Posted on 23 March 2012. Tags: Kurdistan, Norwegian Institute of International Affairs, Reidar Visser

The following article was published by Reidar Visser, an historian of Iraq educated at the University of Oxford and currently based at the Norwegian Institute of International Affairs. It is reproduced here with the author’s permission. Any opinions expressed are those of the author, and do not necessarily reflect the views of Iraq Business News.

So, finally, Masud Barzani, the president of the Kurdistan Regional Government (KRG), has delivered his much-anticipated speech on the occasion of the Nowroz festival that marks the beginning of a new year in the extended Persian cultural sphere stretching from Kurdistan to Afghanistan.

Much of the content of the speech was predictable simply because it involved reiteration of previously stated positions, if perhaps in somewhat more pitched variants than before. This included strictures on the concentration of power by Prime Minister Nuri al-Maliki (including numerous erroneous descriptions such as saying Maliki “is” the defence minister etc.) as well as not-so-veiled threats about Kurdish secession if the problems persist (“we will turn to our people”).

As usual, there are numerous problems in the way the Kurdish leadership appeal to the Iraqi constitution whenever they are in conflict with Maliki, including the contradictive statement “the Iraqi constitution is constantly violated and the Erbil agreement, which was the basis upon which the current government was formed, has been completely ignored.” With its creation of extra-constitutional institutions and its attempts to change the Iraqi state structure by fiat when in fact referendums are constitutionally required, the Arbil agreement is itself a veritable violation of the Iraqi constitution!
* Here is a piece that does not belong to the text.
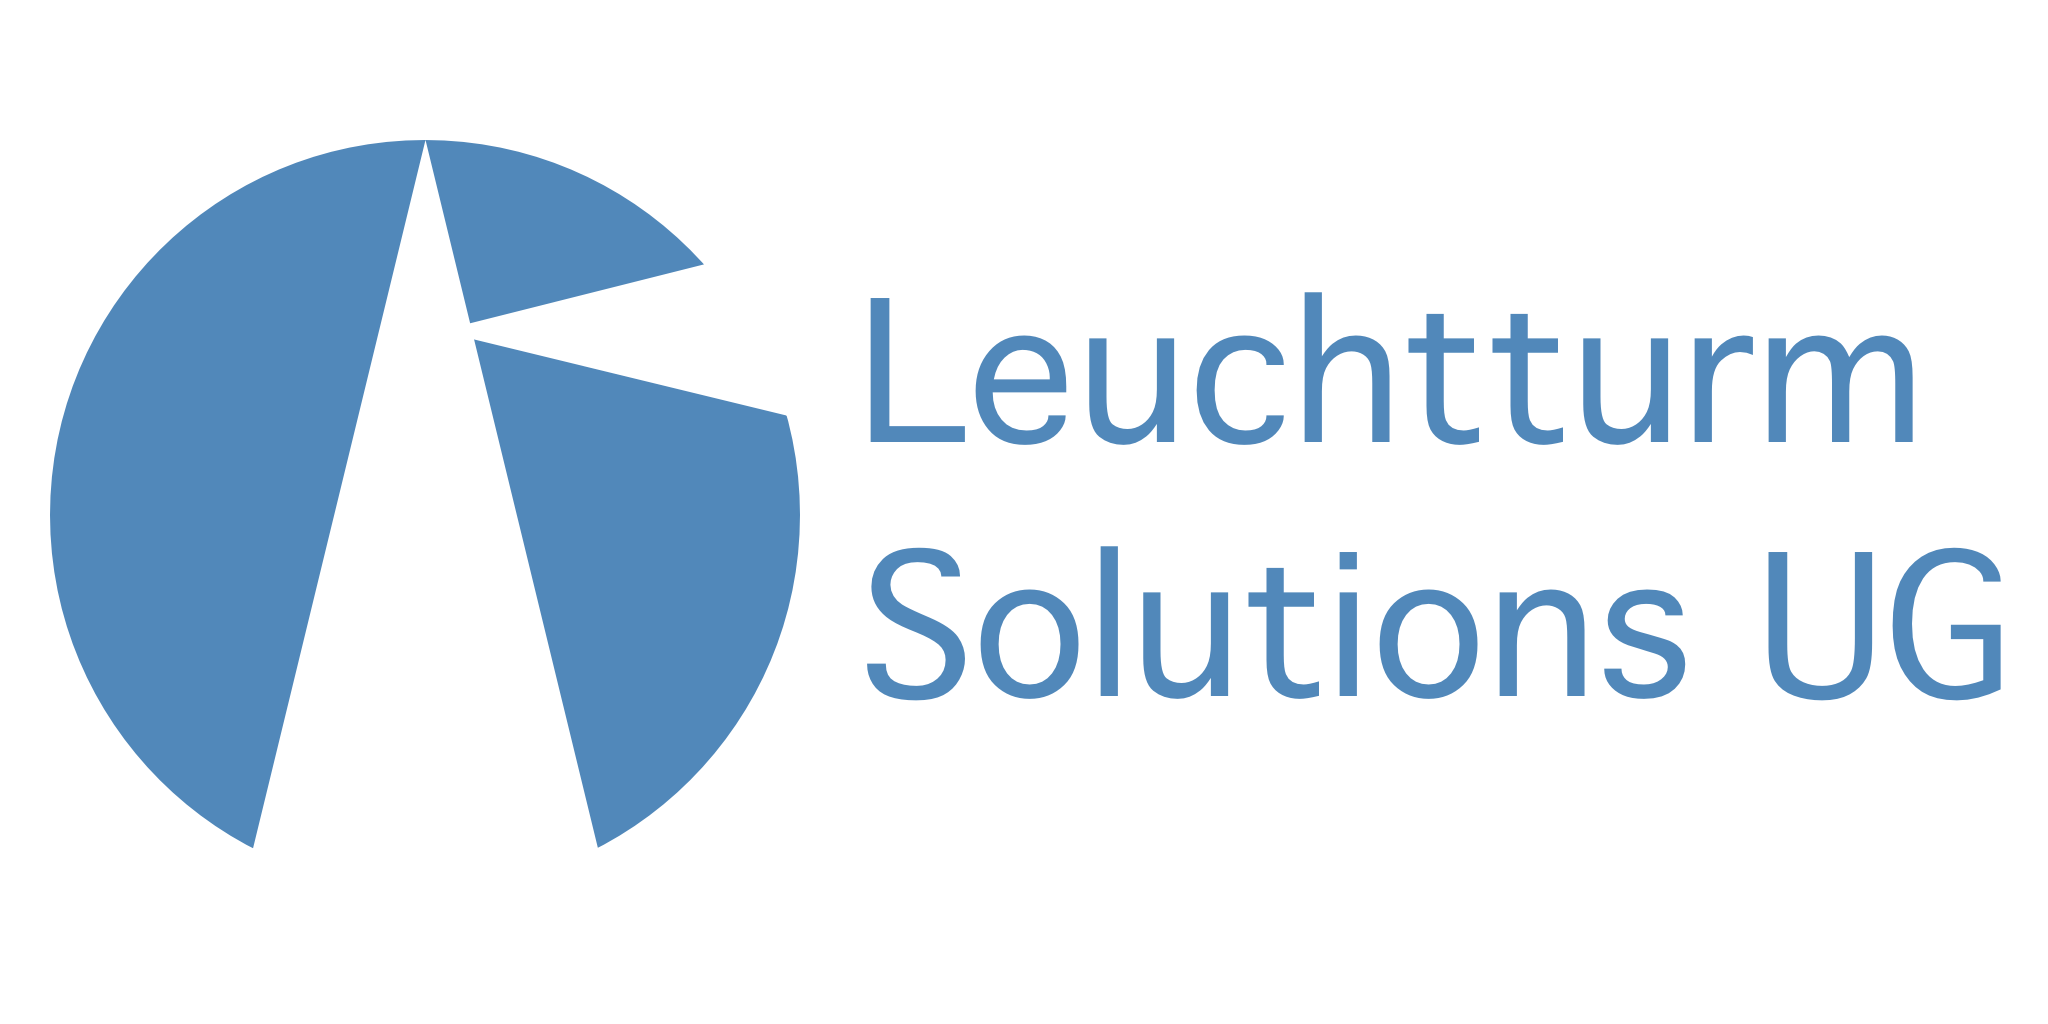 [IMAGE] Leuchtturm Solutions logo

Whether Barzani will make any progress with these threats remains unclear. As regards an actual move to unseat the government by withdrawing confidence in Maliki, the numbers are more or less as they were in the summer of 2010, when Barzani similarly talked tough but ended up supporting Maliki for PM anyway. The Kurds and Iraqiyya alone do not add up to reach the critical mark of 163 deputies needed to withdraw confidence in the government.

Conceivably, there may be a slight gain in that some Badrists have defected to ISCI during their latest split (ISCI being the most pro-Kurdish Shiite party); conversely, though, we should not forget that fractures in Iraqiyya come prominently on display each time someone in the alliance talks about taking drastic action against Maliki. In that perspective, it is hard to see any difference between this threat from Barzani and his previous ones.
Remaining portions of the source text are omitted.